At 9:48 PM +0100 4/16/04, Reece Dunn wrote:
>Jeremy Maitin-Shepard wrote:
>>"Reece Dunn" writes:

[ big snip ]

>> > [2] Basic Type And Iteration
>> > The basic representation is more complex, because now we are dealing with
>> > character boundaries (when dealing with UTF-8 and UTF-16 views
>>of a Unicode
>> > string). At this stage, combining characters and marks should
>>not be concerned
>> > with, only complete characters.
>> > The Unicode string should provide at least 3 types of iterator,
>>regardless of
>> > the internal representation (NOTE: as such, they will be implementation
>> > dependant on how the string is represented):
>> > * UTF-8 -- provides access to the UTF-8 representation of the string;
>> > * UTF-16 -- provides access to the UTF-16 representation of the string;
>> > * UTF-32 -- provides access to the Unicode character type.
>>This seems reasonable, although I practice the UTF-32/code-point
>>iterator would be the most likely to be used.
>Agreed, but the others would be useful: writing the string to a file
>as an example. This is why I suggest that the UTF-32 iterator is the
>default iterator (i.e. unicode_string::iterator is a UTF-32

[ more snipped ]

>> > RATIONALE: Why standardize on the UTF-32 view? Because UTF-8 and
>>UTF-16 are
>>> multi-character encodings of UTF-32 (not considering combining
>>>marks at this
>>> stage), whereas UTF-32 is a single character encoding.

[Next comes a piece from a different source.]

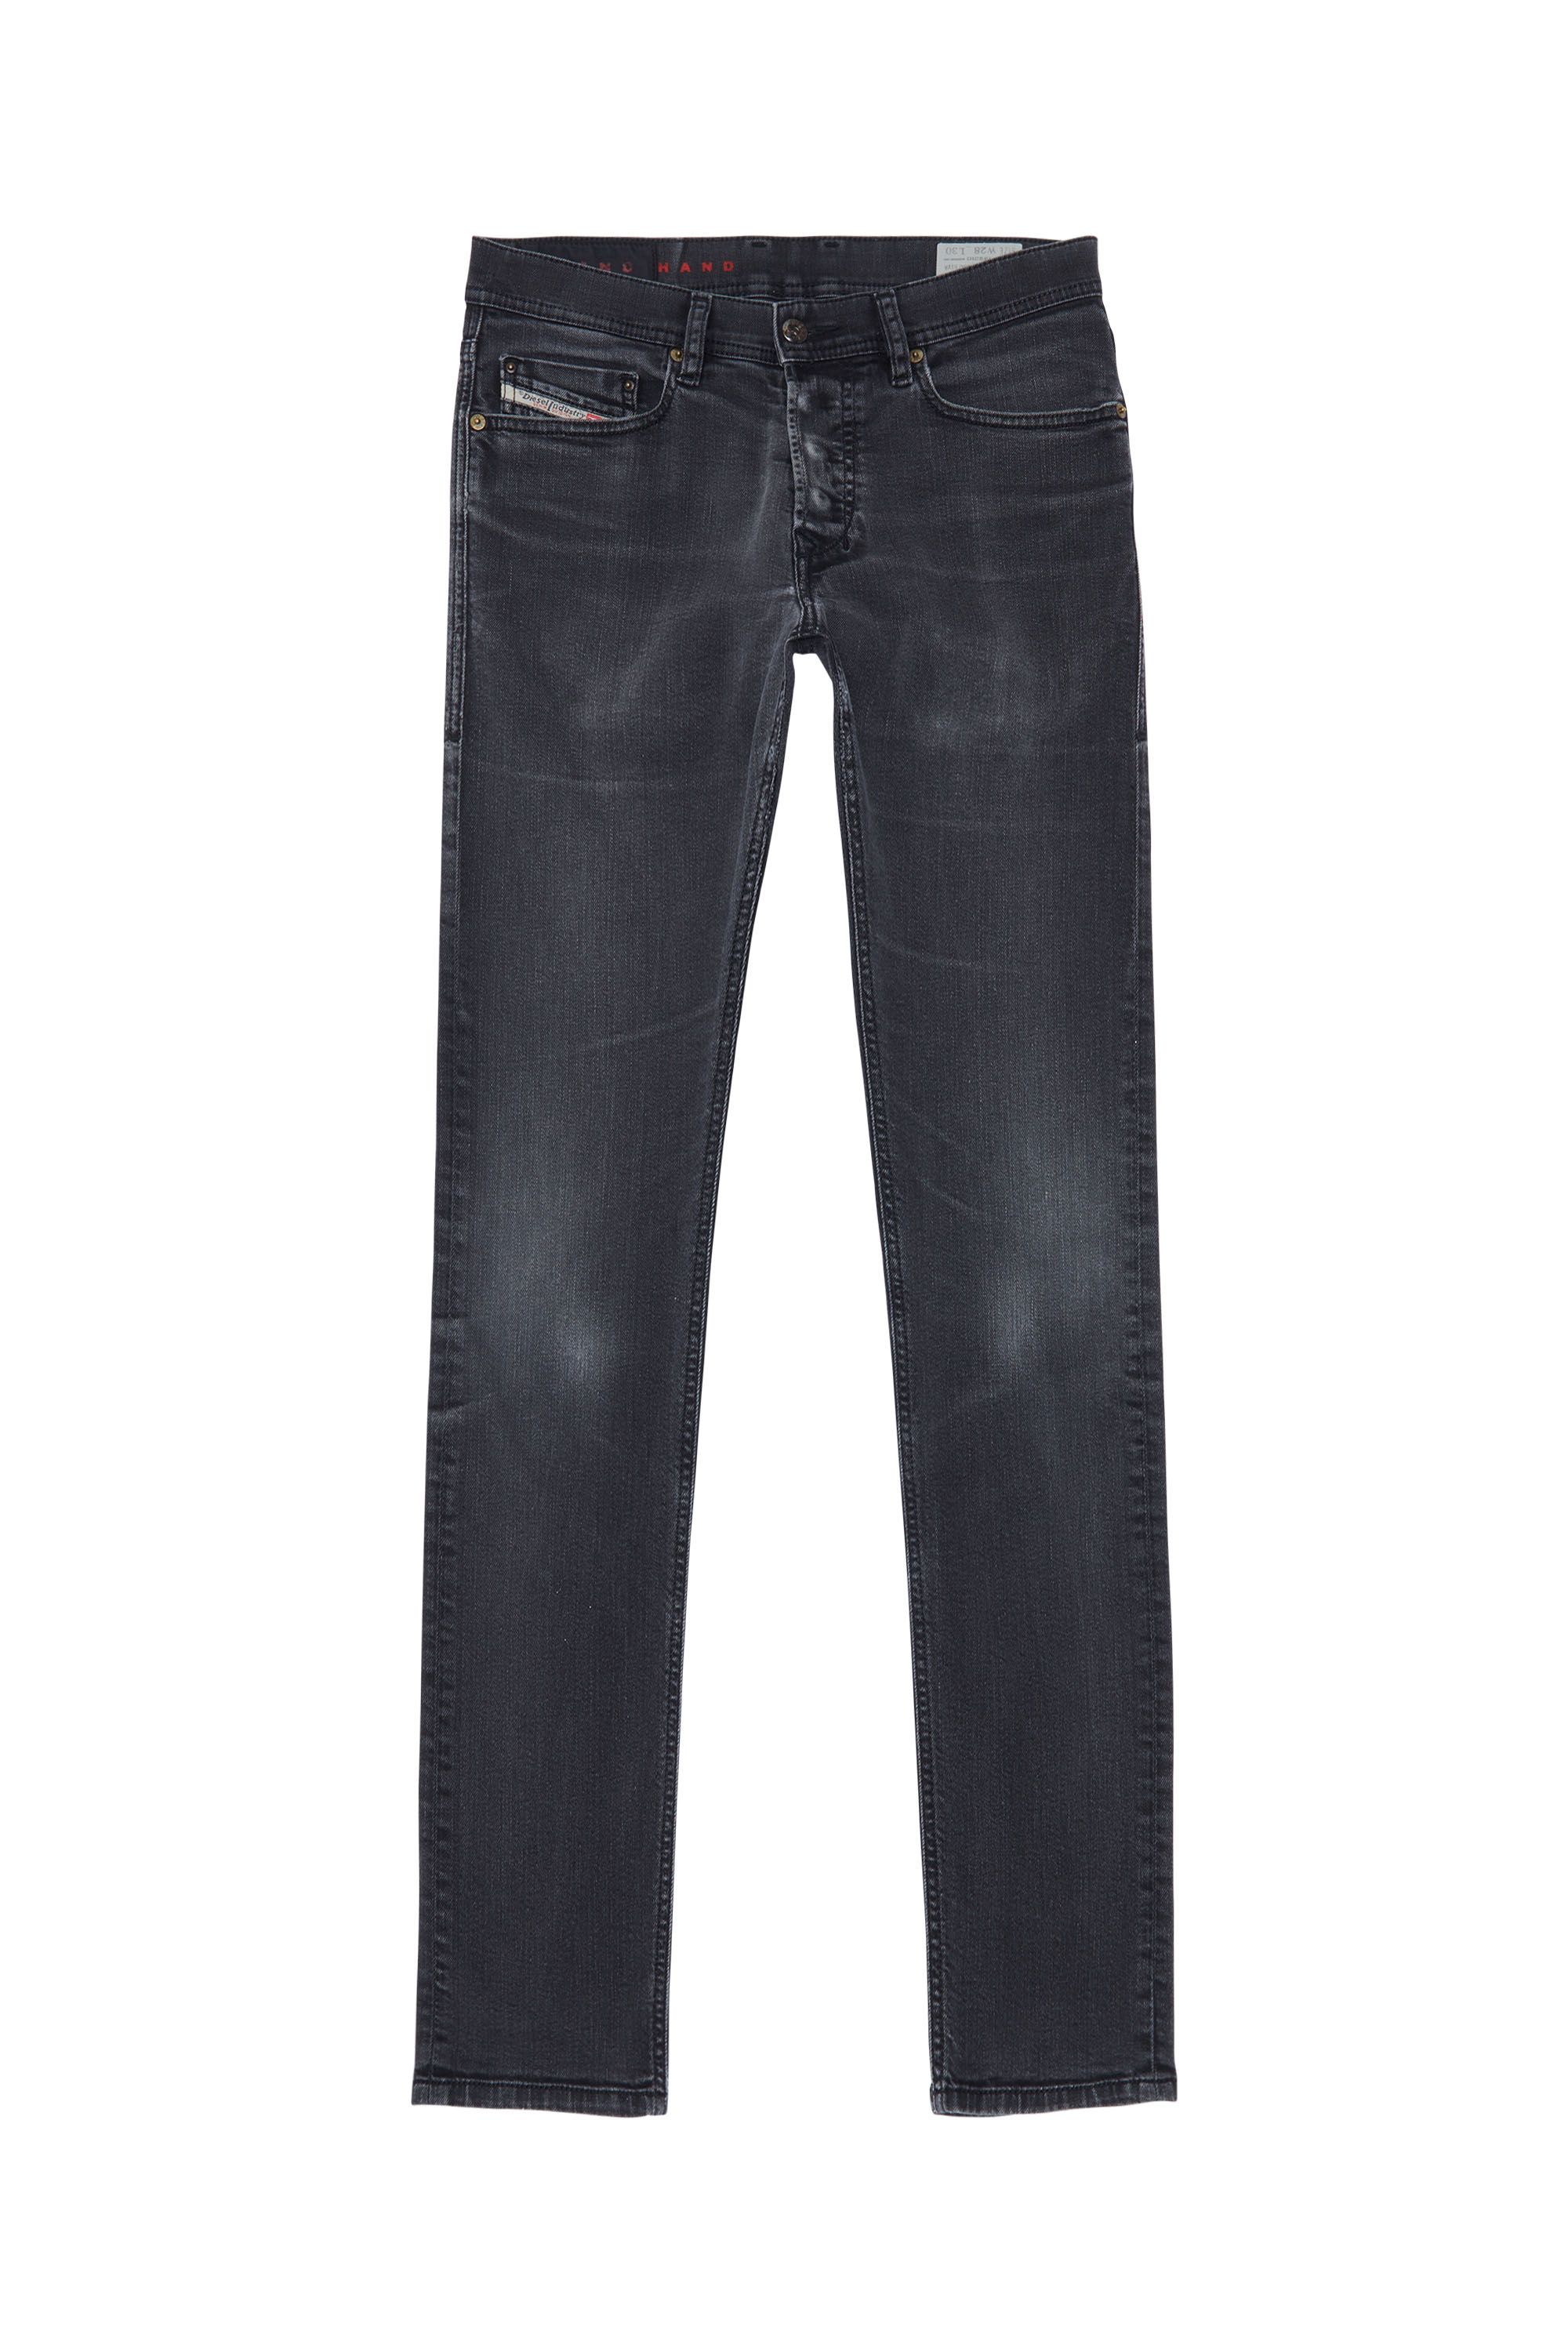 TEPPHAR, Black/Dark grey - Jeans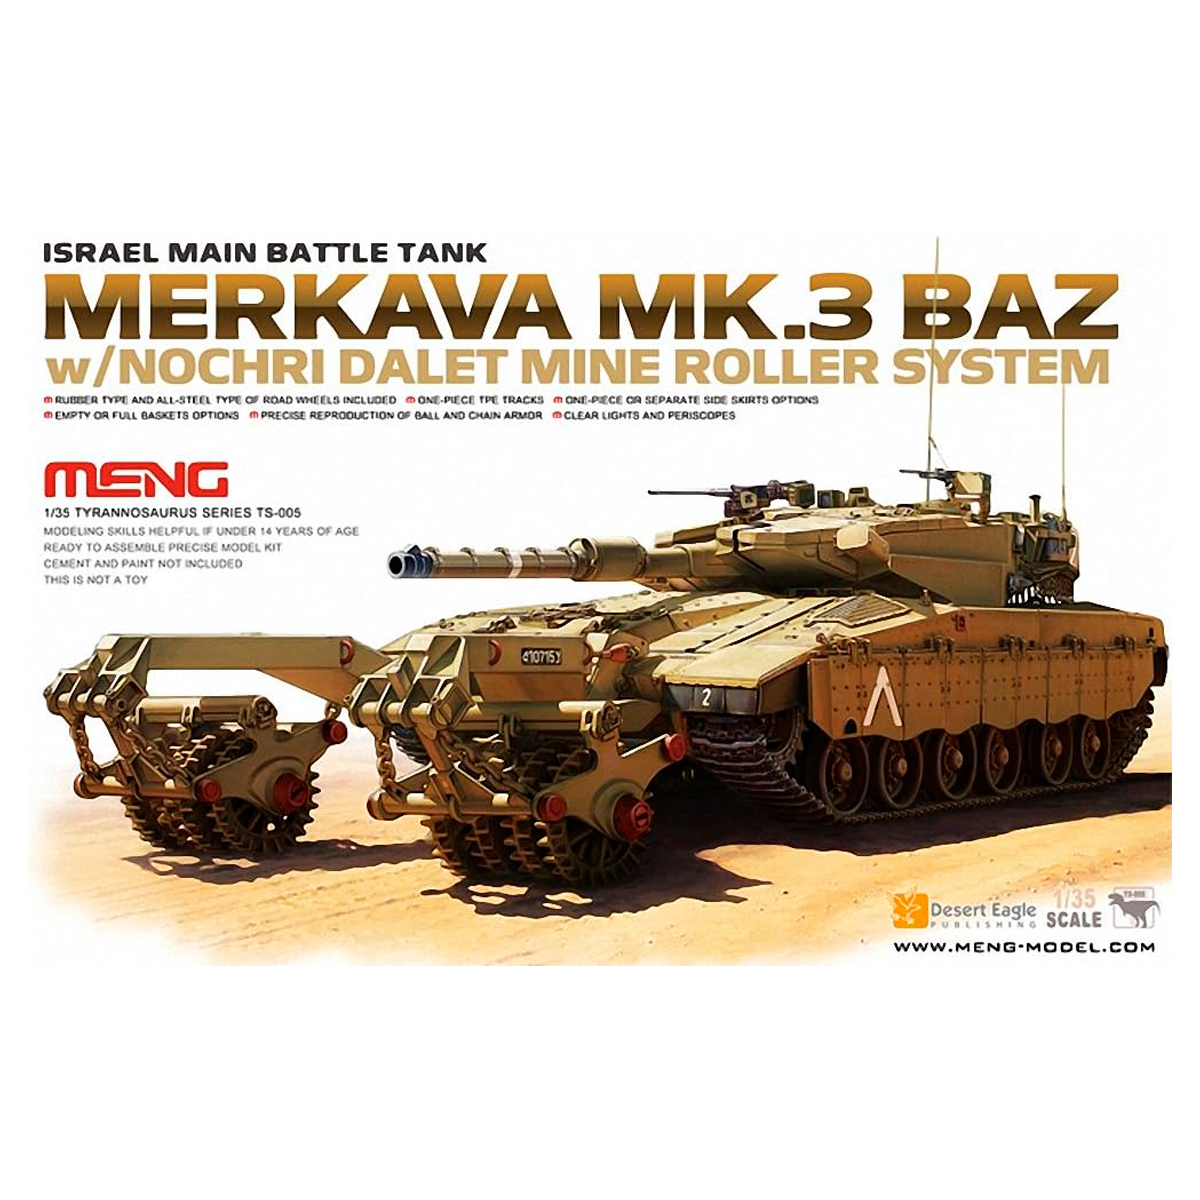 1/35 MERKAVA Mk.3 BAZ w/NOCHRI DALET MINE ROLLER SYSTEM

I'm pretty sure that this is a bad assumption.
You can't just ignore combining characters.

I believe that Miro posted an example of how (even using UTF-32), you
may not have a single character <<-->> single "entry" mapping.

-- Marshall
Marshall Clow     Idio Software   <mailto:marshall_at_[hidden]>
I want a machine that thinks I'm more important than it is, and acts like it.